> Problem to solve:
Among the entries below, count the lines containing the string "dress". Only the count is needed.

> Data shown:
*****

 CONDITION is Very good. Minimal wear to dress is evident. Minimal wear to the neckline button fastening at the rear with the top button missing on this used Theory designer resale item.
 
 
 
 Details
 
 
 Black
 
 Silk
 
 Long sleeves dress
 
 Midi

*****

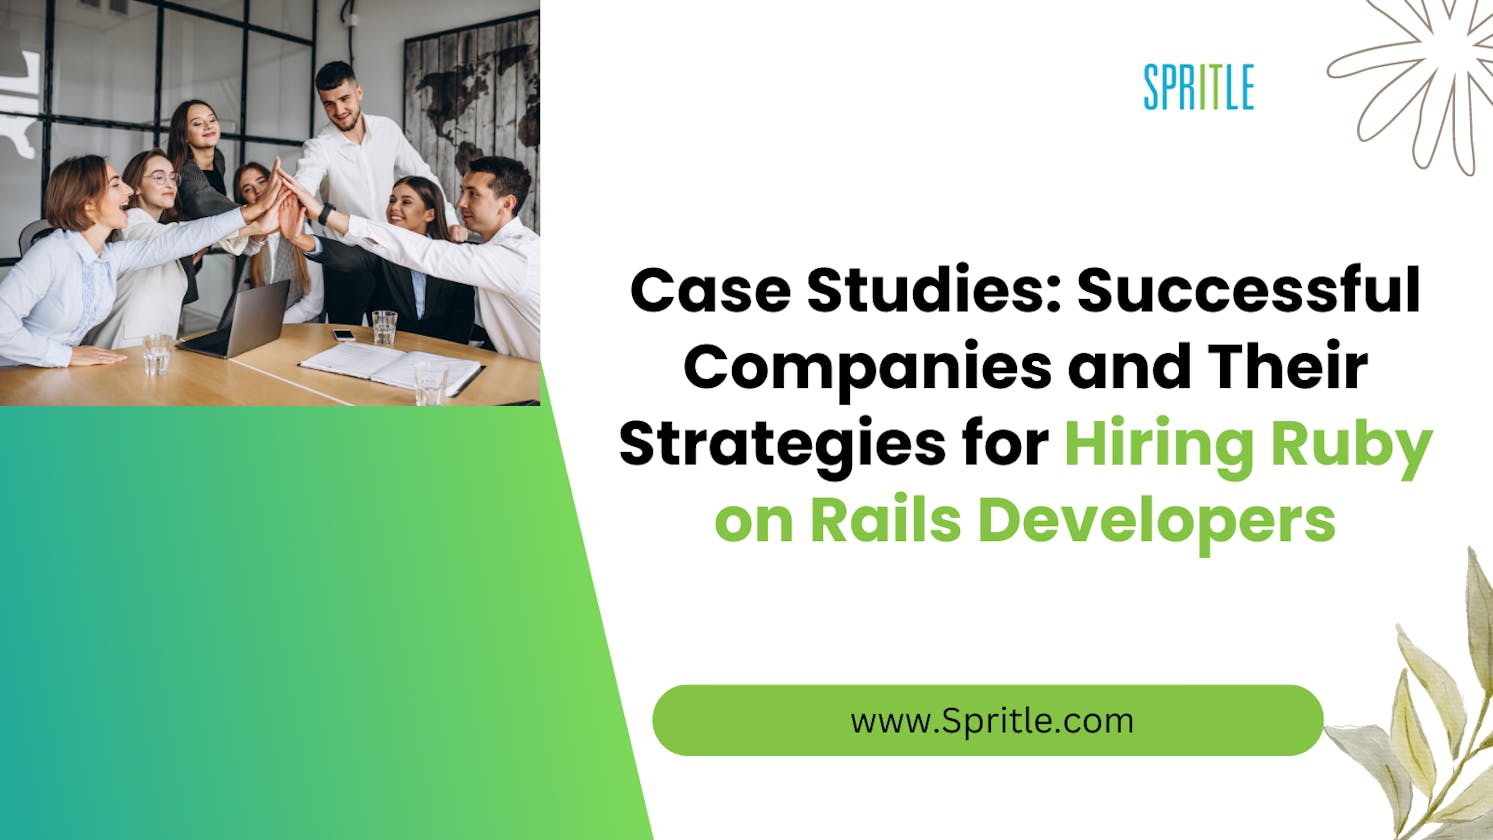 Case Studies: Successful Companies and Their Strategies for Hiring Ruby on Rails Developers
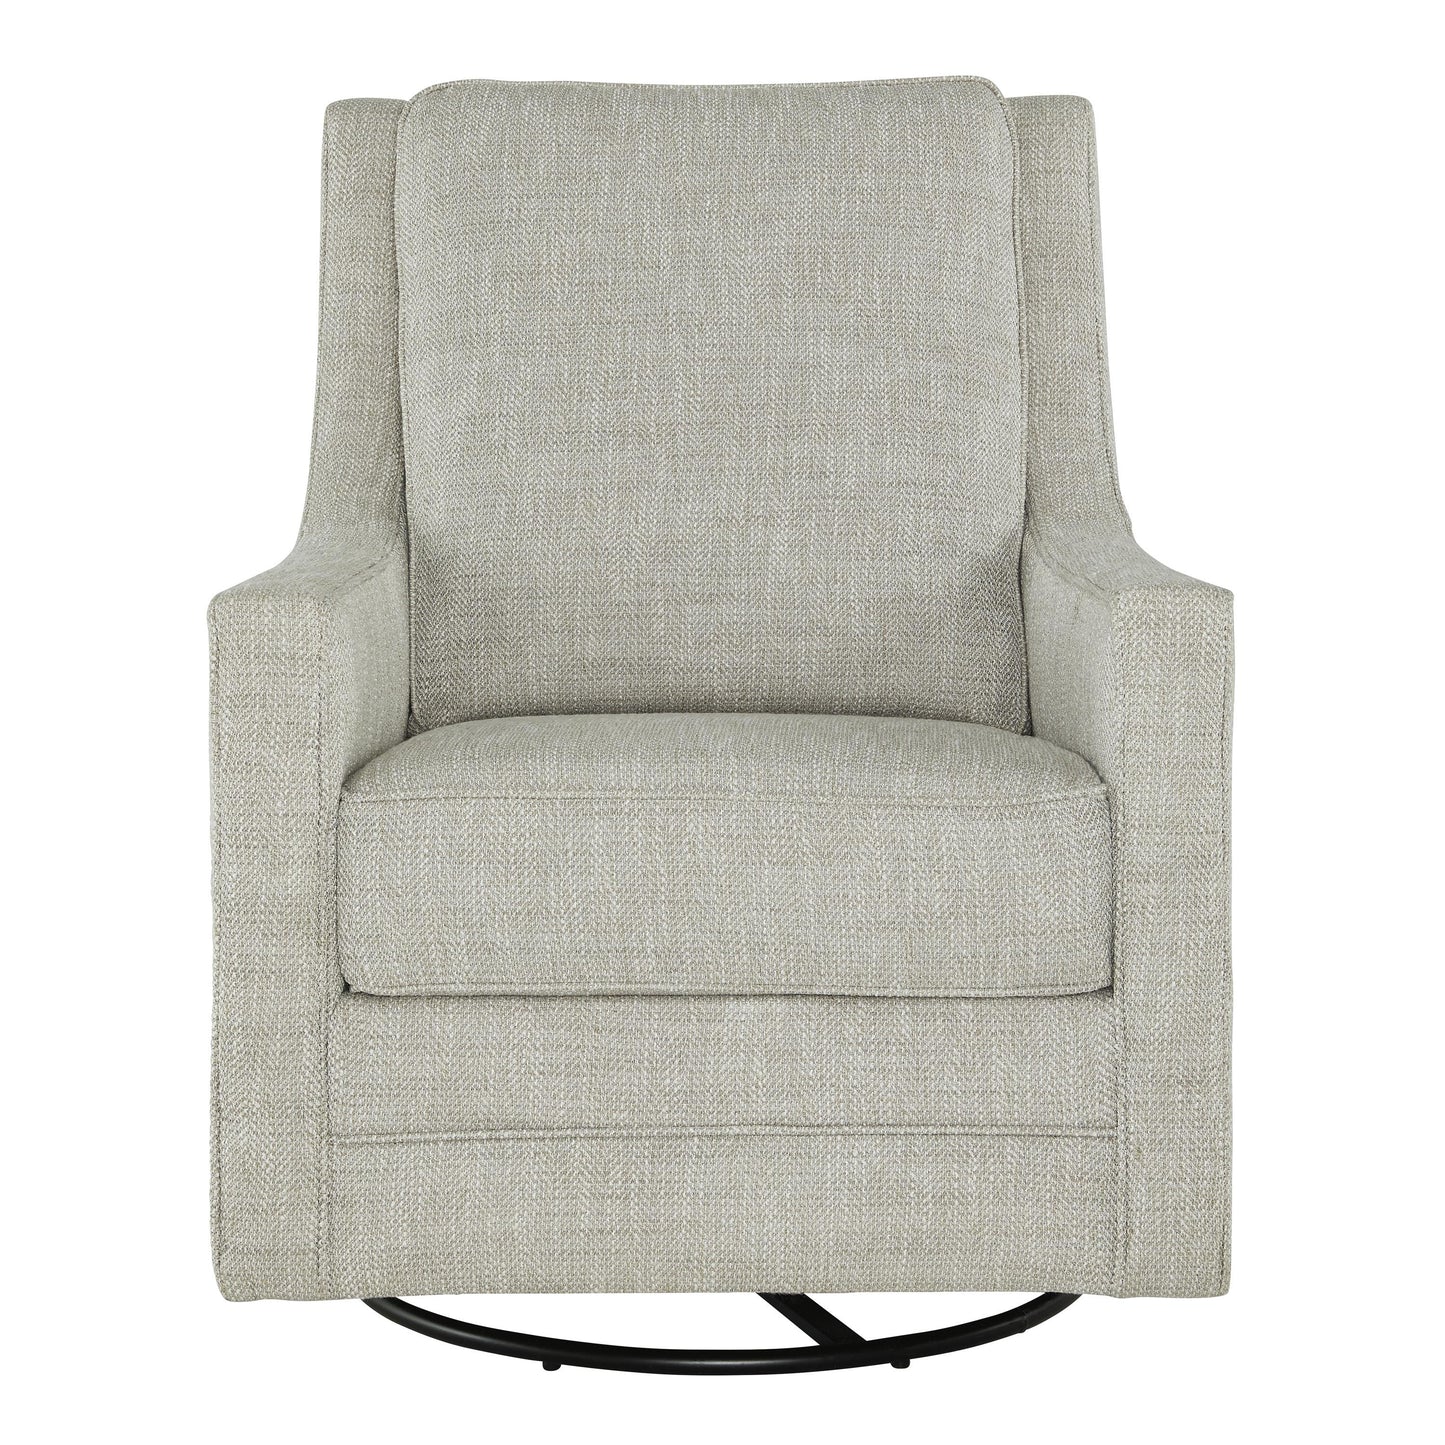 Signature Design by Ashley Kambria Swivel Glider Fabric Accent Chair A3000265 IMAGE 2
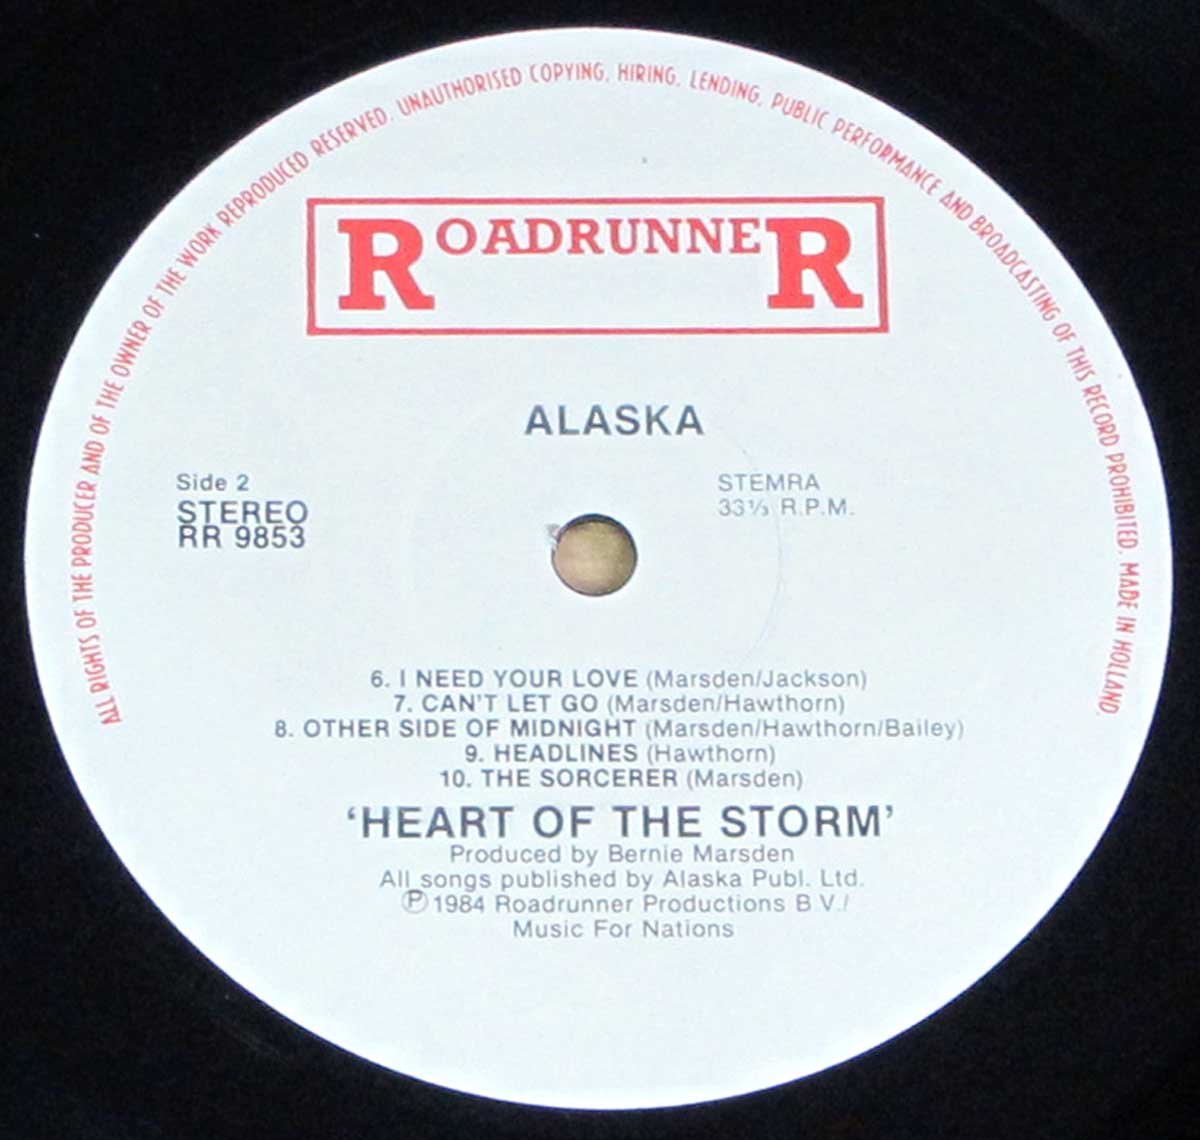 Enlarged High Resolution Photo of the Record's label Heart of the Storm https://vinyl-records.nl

*****

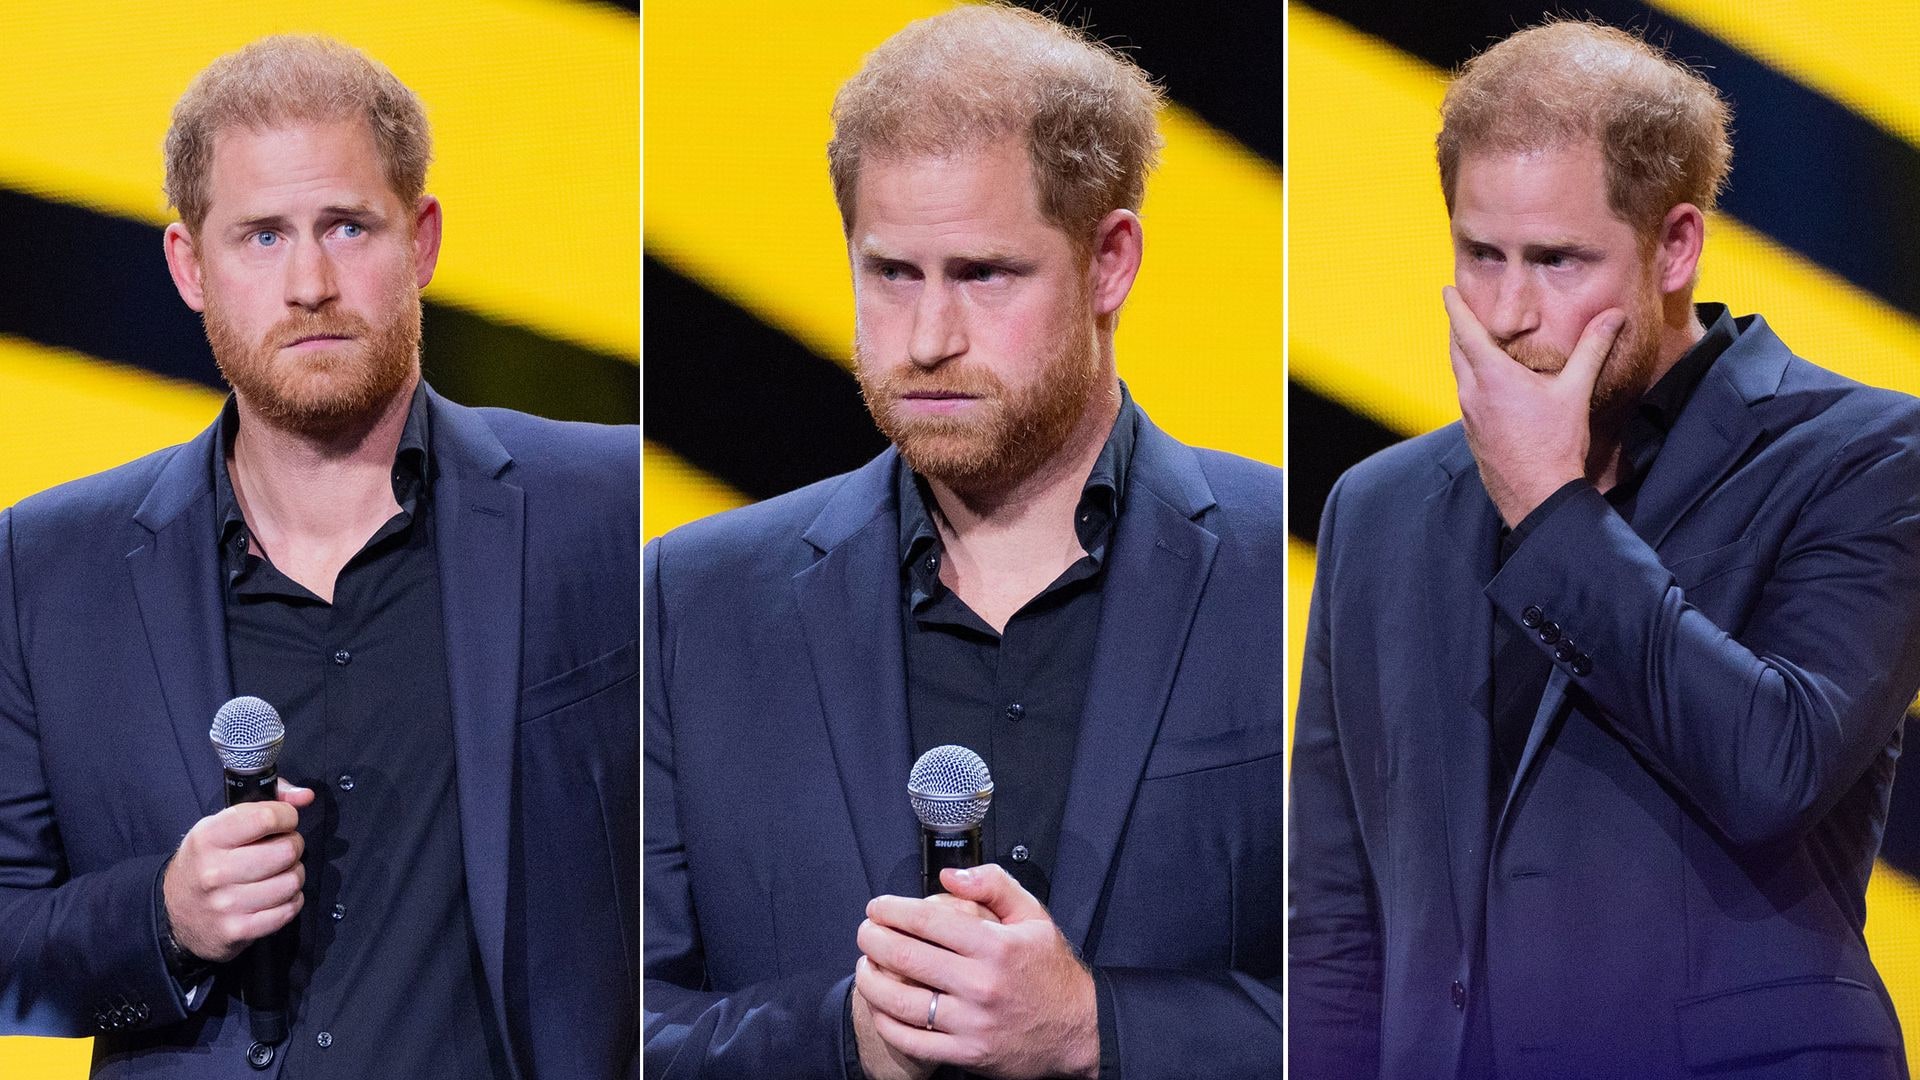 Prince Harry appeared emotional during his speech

*****

> Output for this task:
2